Dear Certain Childless People,
I like you, and I appreciate all you add to the world, and I even, sometimes, envy your condition (only sometimes don’t freak out), but
lemmetellyasomethin.
YOU MAY KNOW A LOT OF THINGS, BUT YOU DON’T KNOW HOW TO BE A PARENT.
Not because you’re dumb, but rather, because you’ve never done it. It’s very simple.
What? What’s that you say? You had seven younger siblings? That must have been fun.
But it’s got nothing to do with parenting.
Oh, you’ve been a nanny for 10 years? Impressive. I’m sure you know how to babysit really well. But did you have vacations and get paid for taking care of those kids? Yes, yes you did. And were you the ONLY PERSON caring for them? No, no you were not.
And therefore, you don’t know what it’s like to be a parent. I realize I’m being repetitive here, but there seems to be just so much confusion with some of you.
Hmmmm? You work with kids every day? My condolences.
But you leave at the end of the day, right? And you can call in sick.
So yeah. You guessed it. Not a clue.
My goodness, you have a degree in child development? Excellent! I love degrees.
But having a degree in child development without having watched your own children develop is like having a degree in aviation without flying a plane: you may know a lot in theory, but you don’t know shit in practice.
And don’t you agree that until you’ve flown the damn plane you really have no idea what you’re talking about?
Not that you don’t know how children develop.

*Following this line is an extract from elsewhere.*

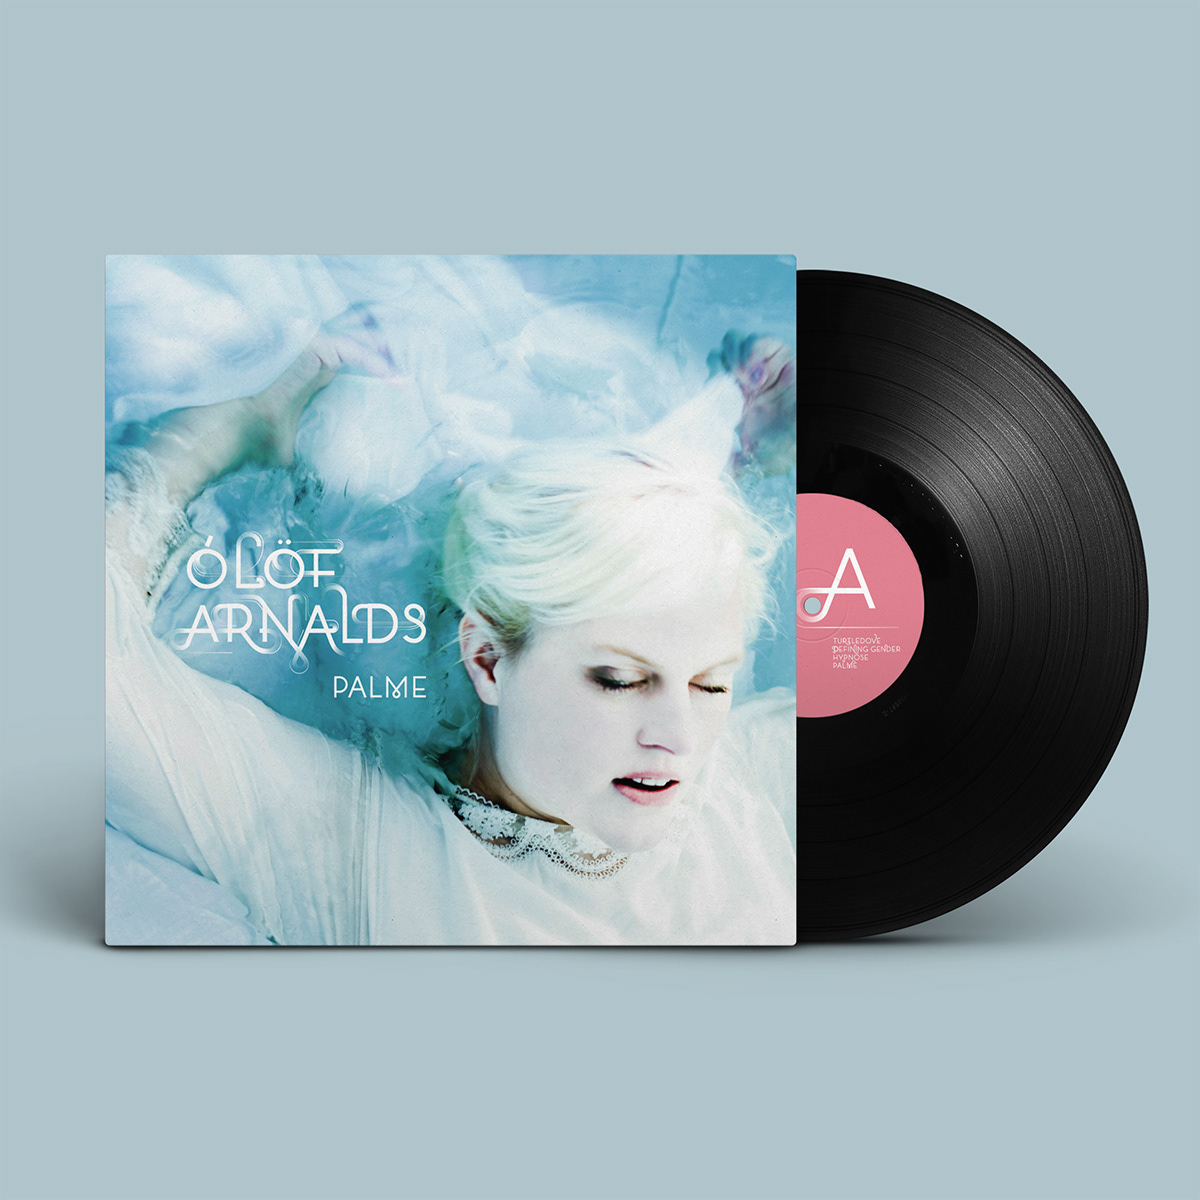 Olof Arnalds album cover album art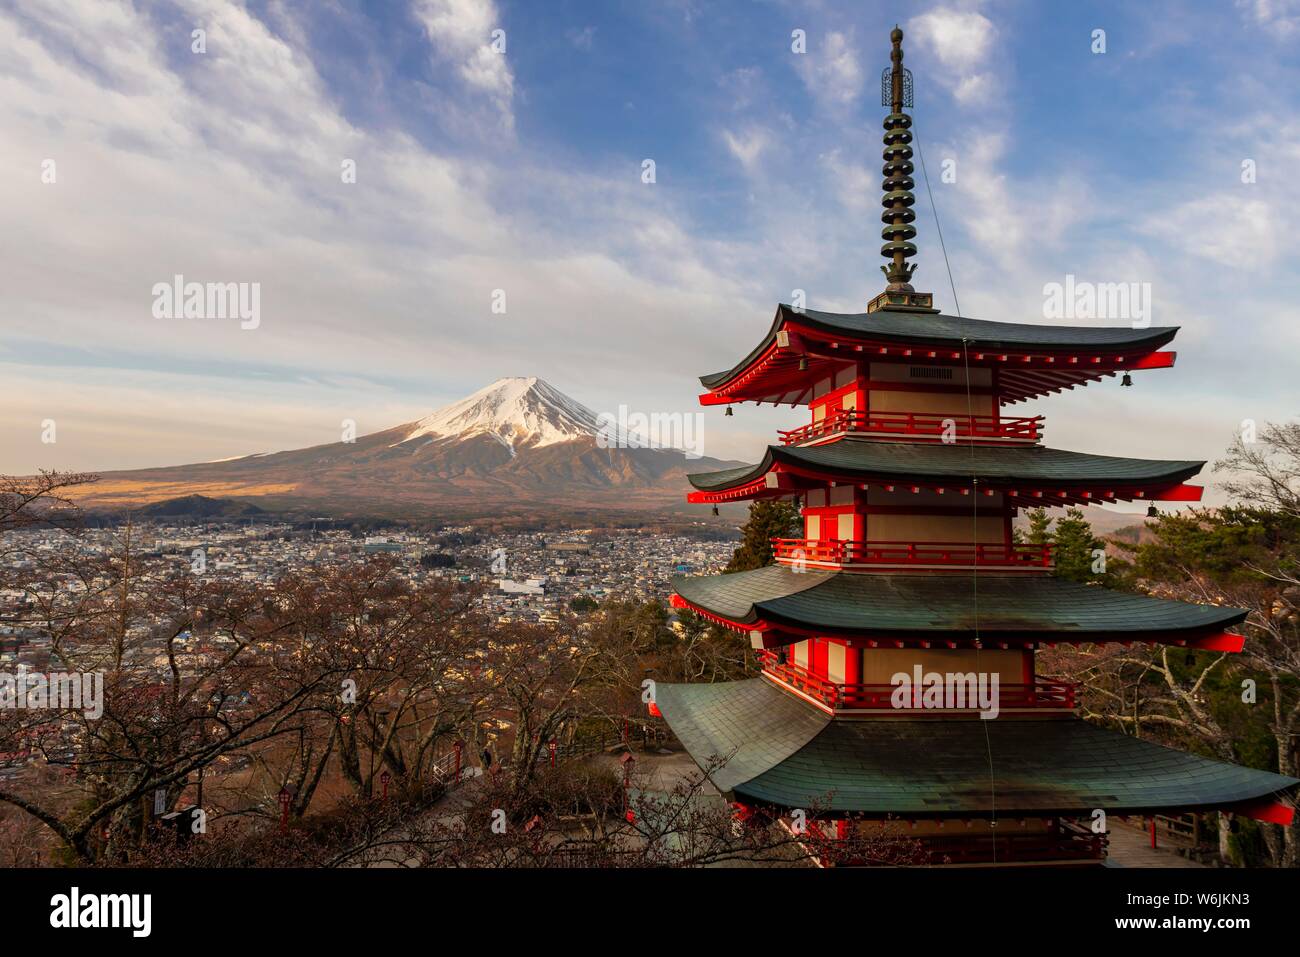 La pagoda de cinco pisos, Fujiyoshida Chureito Pagoda, con vistas a la ciudad y el volcán del Monte Fuji, prefectura de Yamanashi, Japón Foto de stock

I’m sure you do. What you DON’T KNOW, however, is what it’s like to parent those children who inspired your textbooks. You don’t know what it’s like, every day, on the ground. In reality. In life. In the home in the car in fucking everywhere.
And to continue my little metaphor…if our friendly aviation student started running her mouth to actual pilots (you know, people who have flown a plane) – telling them how it is, instructing them, criticizing and critiquing them (based on all the facts she’s read in all those great books) – the pilots would just stare at her aghast, then possibly fall over laughing at her delusional ass.
How are you gonna tell me how to fly a plane when all you’ve done is READ about flying a plane?
Are you catching my metaphor here?
I hope so, because those of us with actual children are getting mighty tired of those certain members of the childless population
advising, criticizing, proselytizing, professing, ranting, raging, judging, lecturing
on a topic they know nothing about.
Giving helpful information about something you know about children is, well, helpful, but criticizing the way we parent as if you have actually done better is just wrong.
I know you think you know how to parent, and you see how we’re doing it all wrong, and how if you had kids they’d never be annoying or pee on the floor or fight with each other or spill shit in restaurants. And that’s cool. I’m sure that’s totally true. But maybe you could save all that preaching for when you’re surrounded with a bunch of your childless friends. You can all sit and compare theories about parenting (because sweetie that’s all you’ve got at this point) and feel super impressed with yourselves for having formed a staunch opinion on an experience you’ve never had. And of course, congratulate yourselves for the theoretical [perfect] children you will someday theoretically have.
And you know, how you’re just generally so much better than the rest of us.
Do you realize how insane that is?
Well, we do.
Because until you have had a child in your home 24-hours a day, seven days a week for years on end, and you are THE ONLY person there (well, and maybe your partner) to discipline, nurture and care for that child – the only one responsible for ALL their food, clothing, health care, education, love, nourishment and general well-being – until you’ve got somebody calling you “mom” or “dad” or, in other words YOU ARE ALL THEY HAVE…
Until you’ve done that, you don’t know shit about parenting. You do not know what it’s like.
And so, we cordially ask you, from the bottom of our hearts, to please, for the love of God, just shutthefuckup.
If you’d like to join the ranks of “people who know something about parenthood,” perhaps you could try, oh I don’t know, becoming a parent.
I know. Crazy talk.
But just think how much more effective your judgments would be if they were rooted in actual experience!
Because now? Well, now you just look ridiculous.
Sincerely,
The rest of us.
P.S. Still not convinced? Alright. I’ll make you a promise: you stop telling me how to parent and I’ll stop telling you how to be an adult without kids. OH WAIT. I’ve never done that. Because that would be fucking craaaaaaaazy.